The answer is the exact run of lines in the listing below from the line containing "Lion safaris in" up to and including the line containing "style3 Print-Shirt Herren", with pictures removed.

** Opening Record set block **

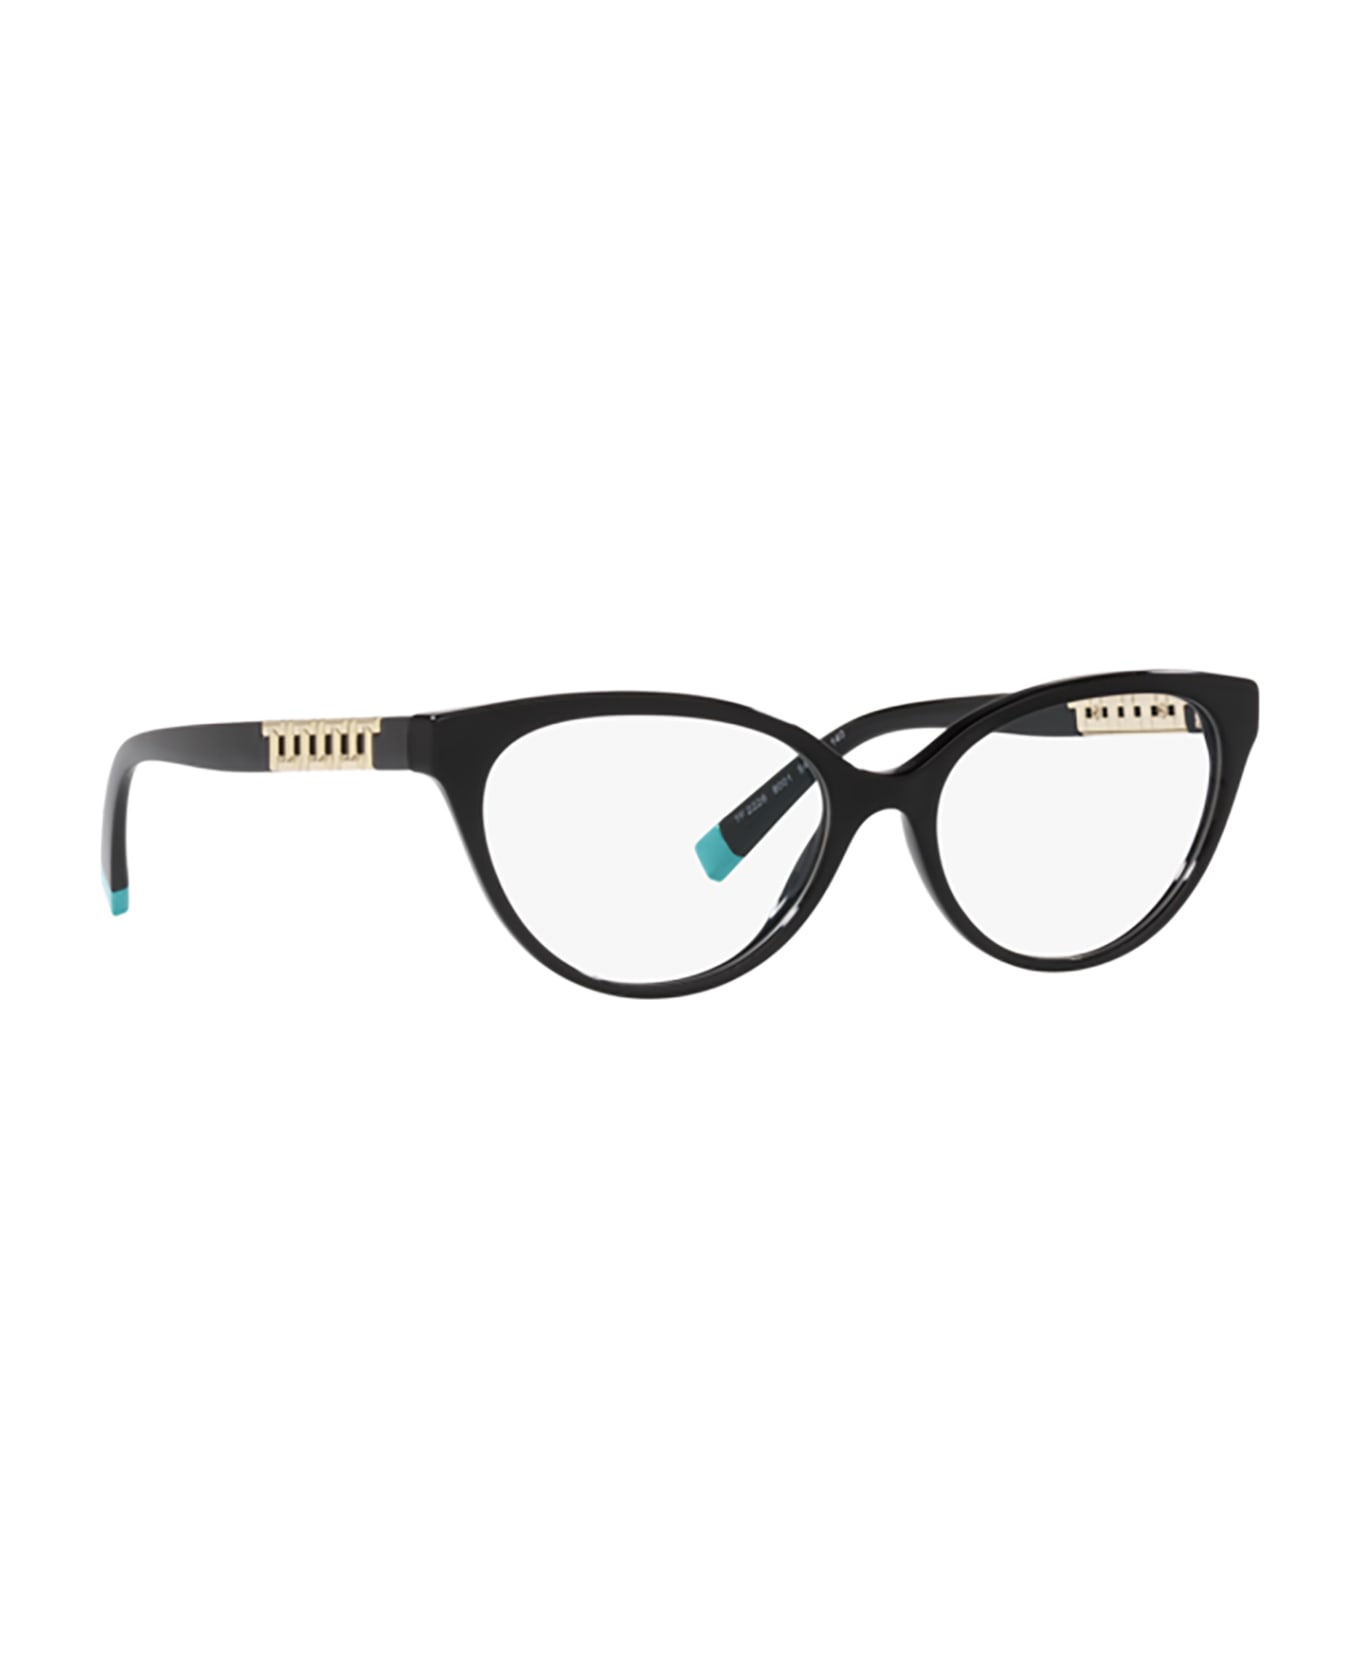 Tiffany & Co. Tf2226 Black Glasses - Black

** Closing Record set block **
** Opening Record set block **

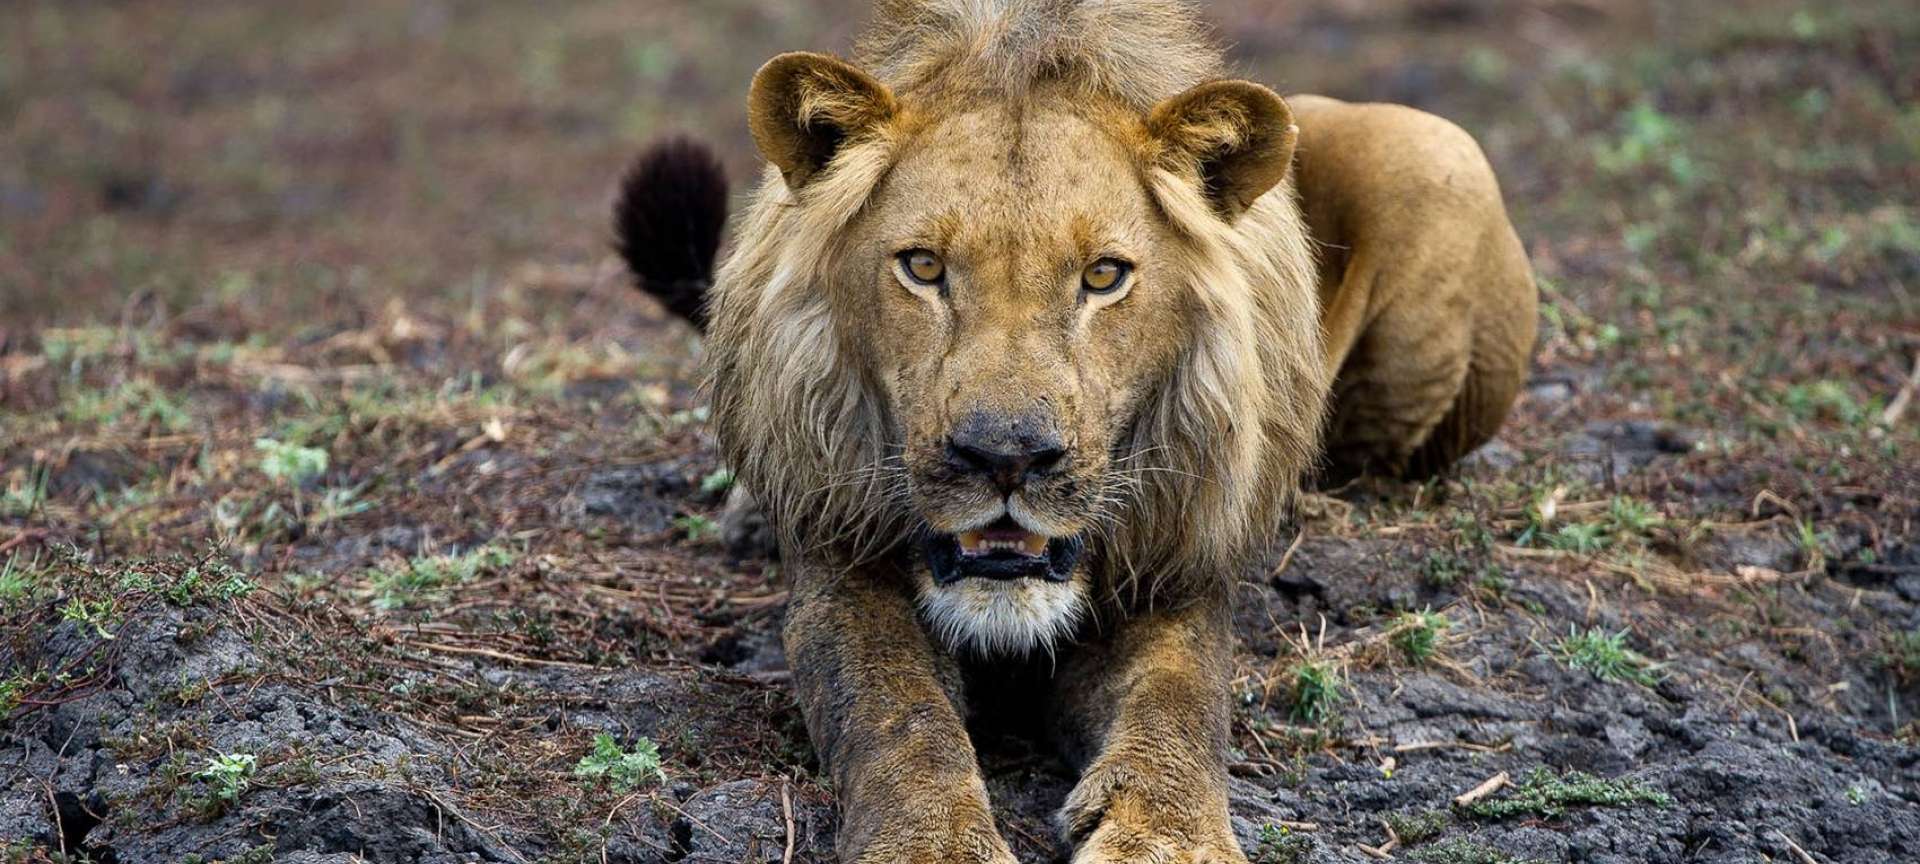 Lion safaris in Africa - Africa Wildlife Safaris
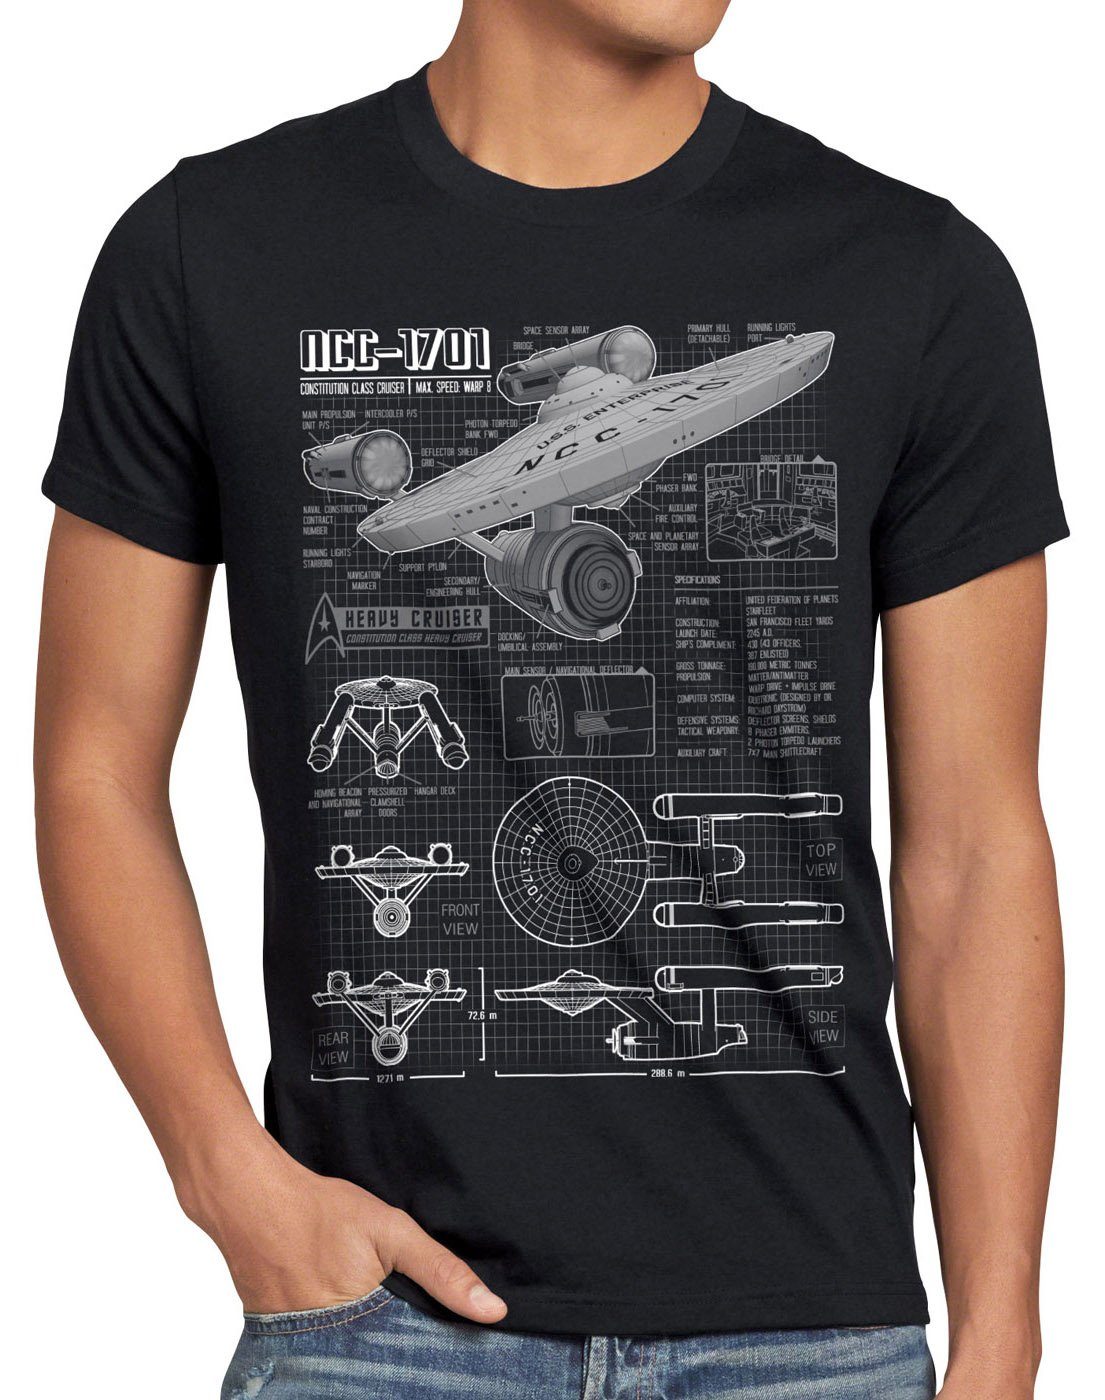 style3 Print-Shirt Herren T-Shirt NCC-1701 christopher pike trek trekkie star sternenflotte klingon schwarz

** Closing Record set block **
** Opening Record set block **

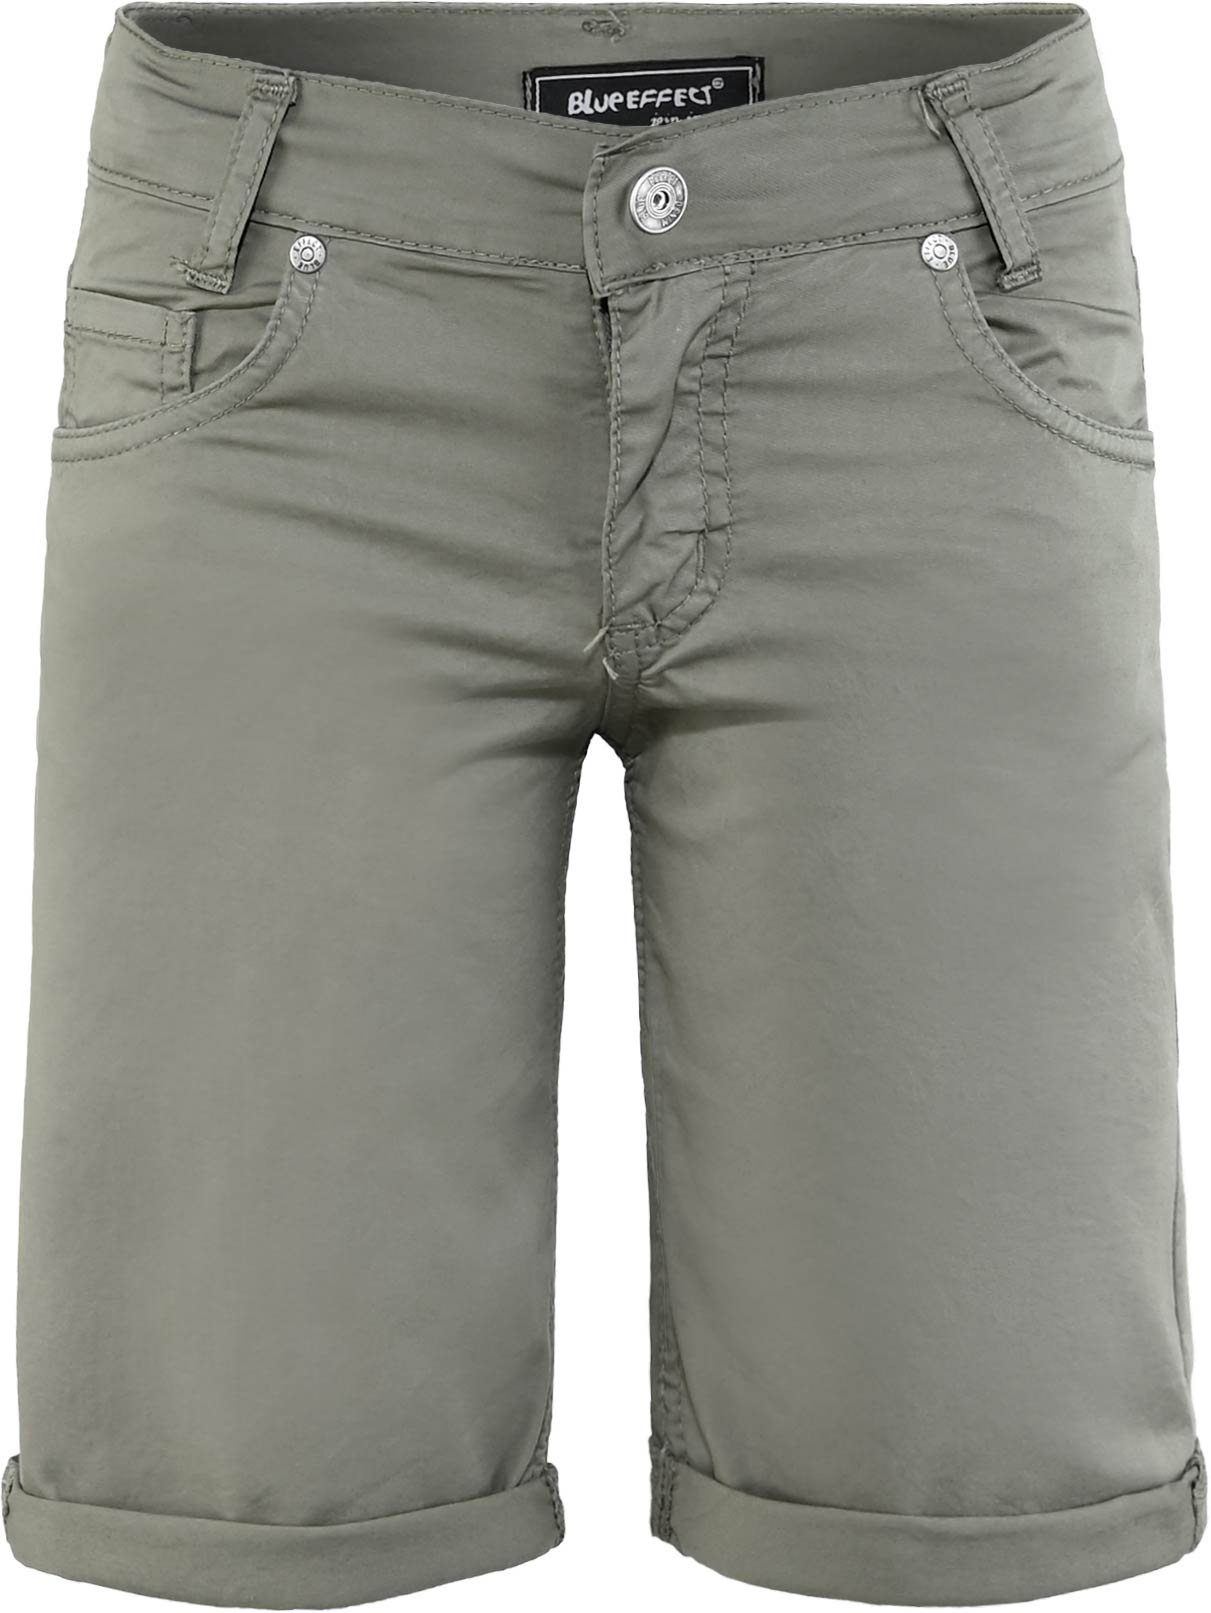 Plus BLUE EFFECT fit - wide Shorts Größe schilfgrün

** Closing Record set block **

■ **Exercise output**:
 Lion safaris in Africa - Africa Wildlife Safaris
 style3 Print-Shirt Herren T-Shirt NCC-1701 christopher pike trek trekkie star sternenflotte klingon schwarz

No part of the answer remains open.